Тлитоо сказал, что его дар важен для нашего общего дела. А Аззуен был моим лучшим другом. Наверное, он не стал бы возражать. Я встала и тихонько пошла туда, где спали бок о бок Брелан и Аззуен. Он слегка откатился от мальчика. Я осторожно легла рядом и прижалась к сородичу. Тлитоо немедленно вспрыгнул мне на спину. Запахи пропали, хлопающие крылья сначала подняли меня, потом бросили. На сей раз я приготовилась к падению, а поскольку видела все привычными глазами волка, то не ощутила ни тошноты, ни головокружения. Я почувствовала, что Аззуен задышал вровень со мной, его сердце билось спокойно. Когда я придвинулась ближе, он поерзал во сне и еще глубже погрузился в мир грез.
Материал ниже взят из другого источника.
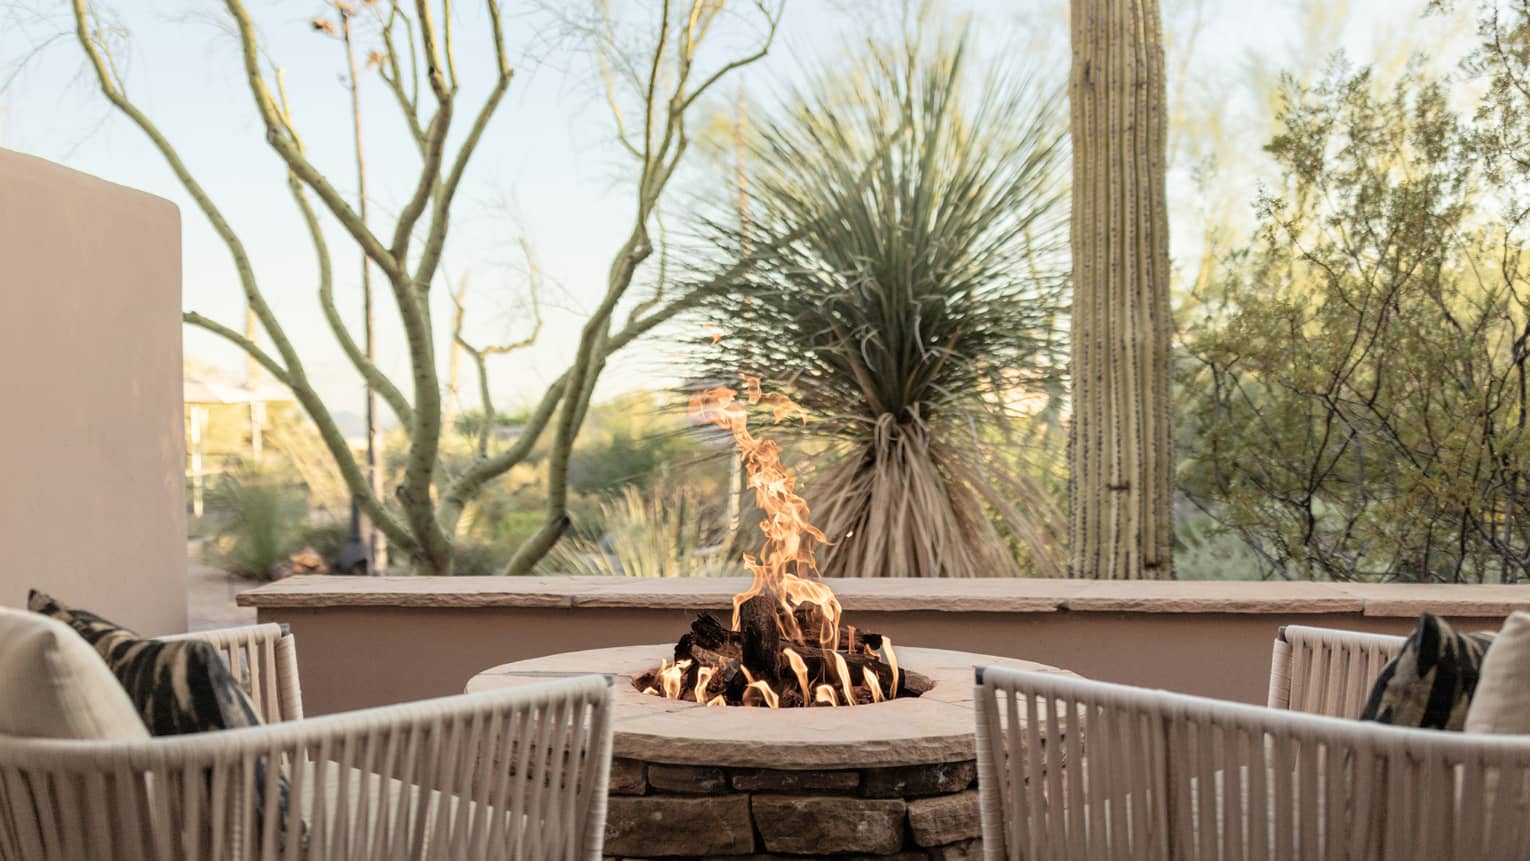 A firepit outside with two chairs.

Аззуен помнил тот день, когда впервые открыл глаза. До тех пор в мире существовали только сладкая вкусная жидкость на языке, мягкое теплое тело рядом, тяжелый ровный стук и запах влажной земли. Были и еще какие-то извивающиеся тельца, которые порой отпихивали его от источника тепла и еды. Когда он открыл глаза, то увидел теплый мех и изгиб материнского живота. Впоследствии другие щенки говорили, что не помнили, как впервые открыли глаза. Они даже забыли, когда впервые услышали звук. Как будто у них отшибло память. Марра утверждала, что едва помнила тот день, когда впервые вылезла из логова, хотя для Аззуена он был наполнен множеством ощущений, которые проносились мимо носа, и множеством мыслей, которые роились в голове.
Аззуен помнил, как Рууко и Рисса говорили о нем, когда он выбрался из логова. Одно из соседних телец перестало шевелиться, и Рисса оттолкнула его в сторону. Каким-то образом, хотя он и не знал, как именно, Аззуен догадался, что щенок умер. Это была сестра, которая говорила, что каждый раз, проснувшись, хочет выть от радости. Она любила молоко, которое давала Рисса, но пила с трудом. Аззуен понял, что она умерла, потому что пила неправильно, но было уже слишком поздно, чтобы ее спасти.
Он знал, что умен. Знал, что понимает вещи, которых не понимают другие щенки, хотя едва ли предвидел, какой будет прок от его ума.
– Этот тоже долго не протянет, – сказал Рууко Риссе. – Лучше прибереги молоко для остальных.
– Он еще сосет, – ответила Рисса. – Он хочет жить. Если он намерен бороться за жизнь, я не стану мешать.
– Я и раньше видел слабых, – возразил Рууко. – Слабые – обуза для стаи. Я знаю, что он не выживет. И ты, Рисса, знаешь. Просто жестоко позволять ему мучиться.
– Я знаю, что он скорее всего умрет, – произнесла волчица. – Но пусть у него будет шанс.
Аззуен думал, что справится. Он знал, откуда берется молоко, знал, как согреться даже за пределами логовища. Чего он не учел – так это других щенков, которые хотели, чтобы он умер. Они отгоняли Аззуена от молока, от теплого логова, не позволяли влиться в стаю. Сначала он злился, потом отчаялся. Однажды, пока другие щенки кормились, он решил больше не бороться. Проще было умереть.